8נשבע יהוה בימינו ובזרוע עזו אם אתן את דגנך עוד מאכל לאיביך ואם ישתו בני נכר תירושך אשר יגעת בו׃
8De HEERE heeft gezworen bij Zijn rechterhand, en bij den arm Zijner sterkte: indien Ik uw koren meer zal geven tot spijs voor uw vijanden, en indien de vreemden zullen drinken uw most, waaraan gij gearbeid hebt!
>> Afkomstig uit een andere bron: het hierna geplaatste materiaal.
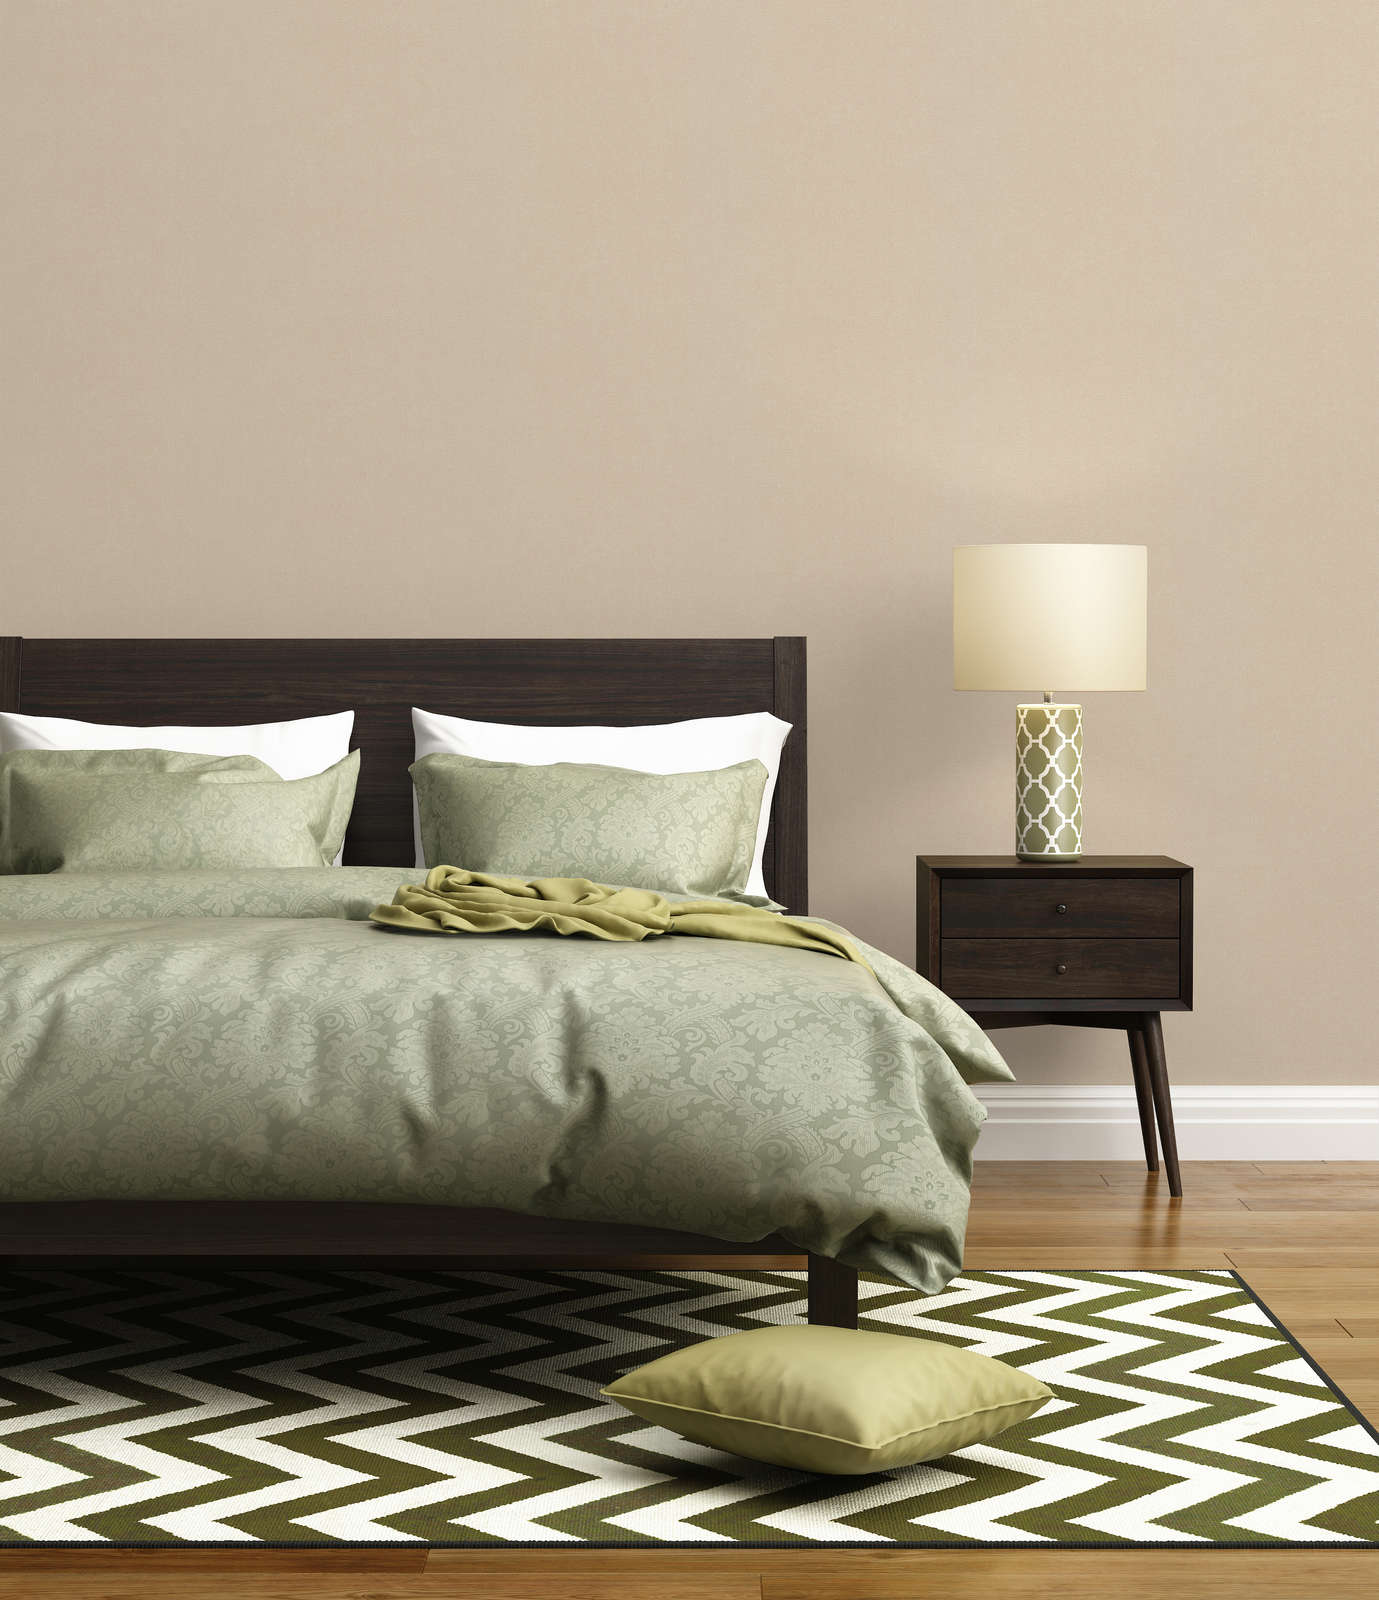             Non-woven wallpaper plains with fine structure - cream, beige
        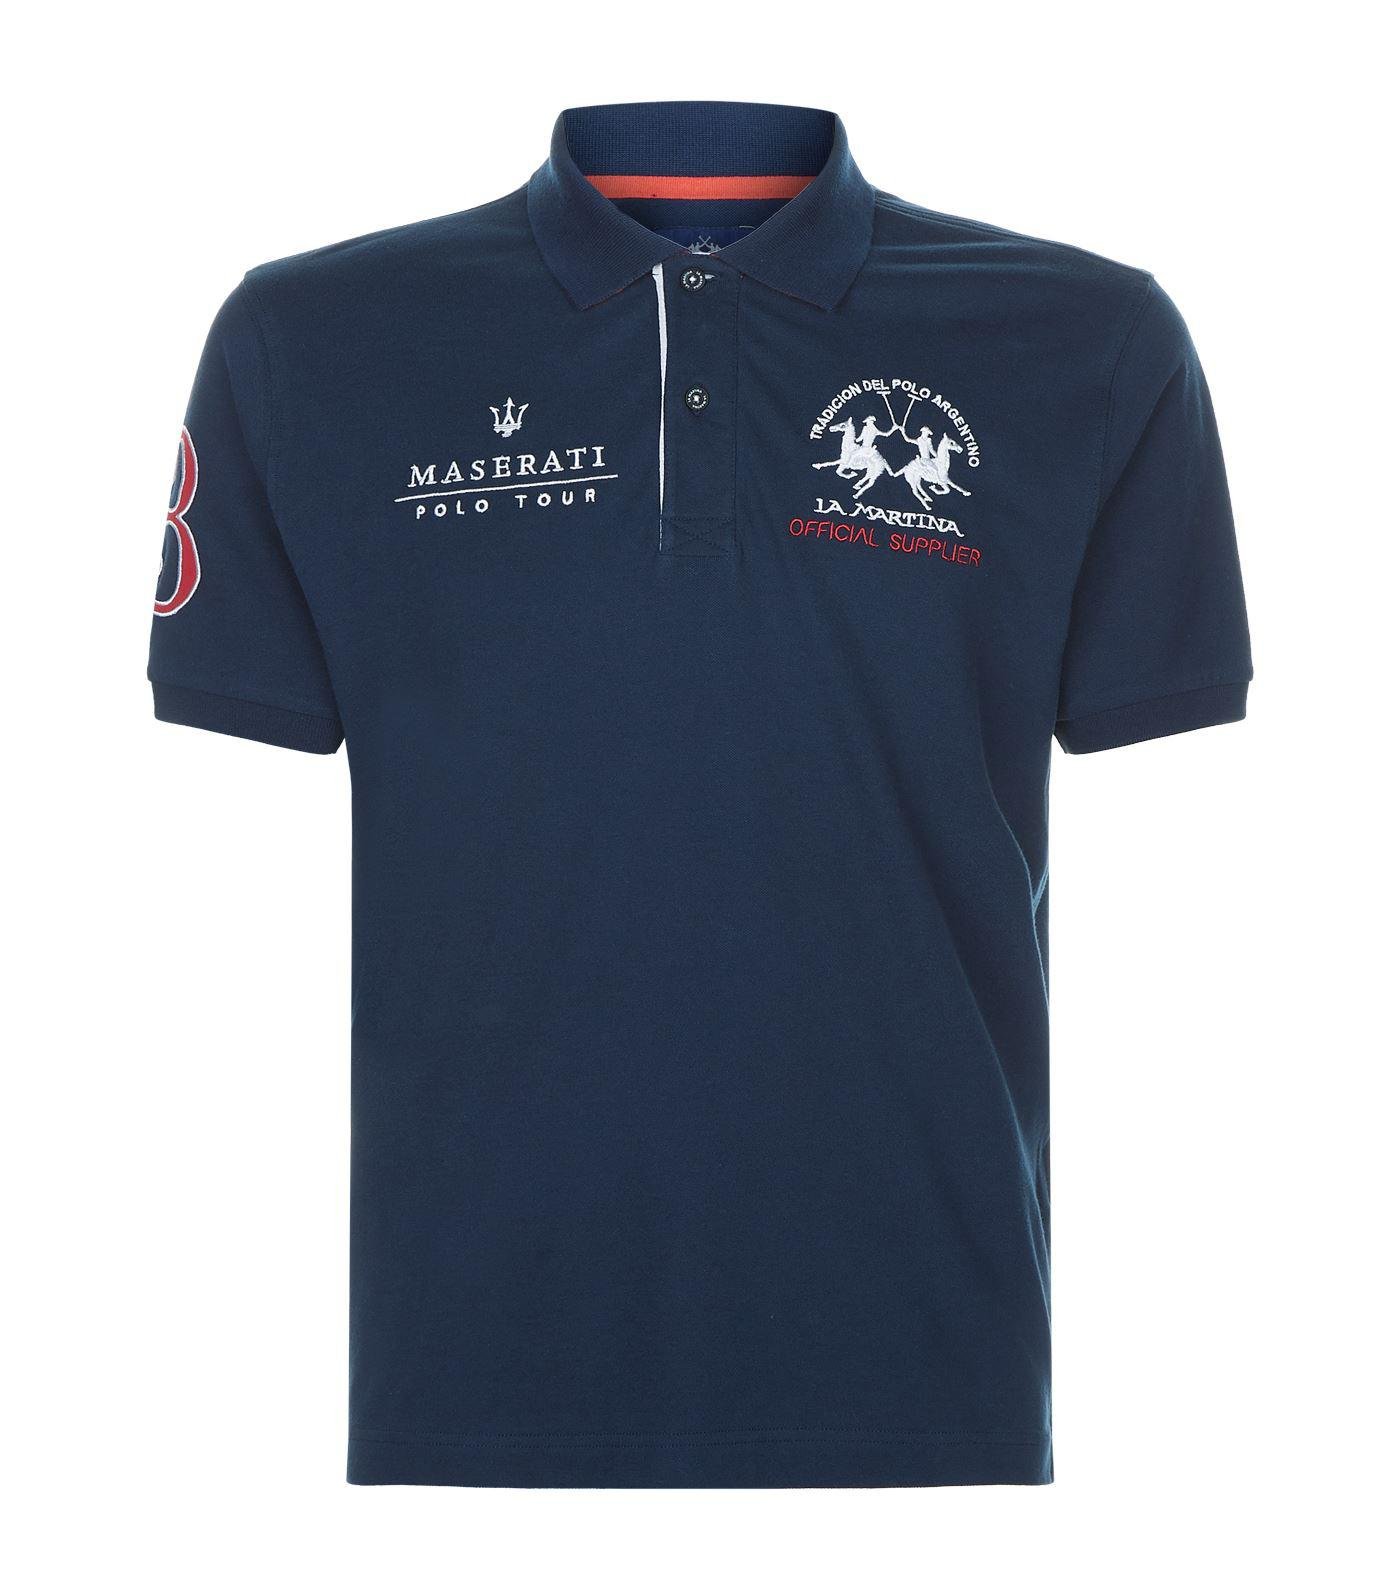 La Martina Cotton Maserati Polo Shirt in Navy (Blue) for Men - Lyst

9כי מאספיו יאכלהו והללו את יהוה ומקבציו ישתהו בחצרות קדשי׃
9Maar die het inzamelen zullen, die zullen het eten, en zij zullen den HEERE prijzen; en die hem vergaderen zullen, zullen hem drinken in de voorhoven Mijns heiligdoms.
10עברו עברו בשערים פנו דרך העם סלו סלו המסלה סקלו מאבן הרימו נס על העמים׃
10Gaat door, gaat door, door de poorten, bereidt den weg des volks; verhoogt, verhoogt een baan, ruimt de stenen weg, steekt een banier omhoog tot de volken!
11הנה יהוה השמיע אל קצה הארץ אמרו לבת ציון הנה ישעך בא הנה שכרו אתו ופעלתו לפניו׃
11Ziet, de HEERE heeft doen horen, tot aan het einde der aarde: zegt de dochter van Sion: Zie, uw Heil komt; zie, Zijn loon is met Hem, en Zijn arbeidsloon is voor Zijn aangezicht.
12וקראו להם עם הקדש גאולי יהוה ולך יקרא דרושה עיר לא נעזבה׃
12En zij zullen hen noemen het heilige volk, de verlosten des HEEREN; en gij zult genoemd worden de gezochte, de stad, die niet verlaten is.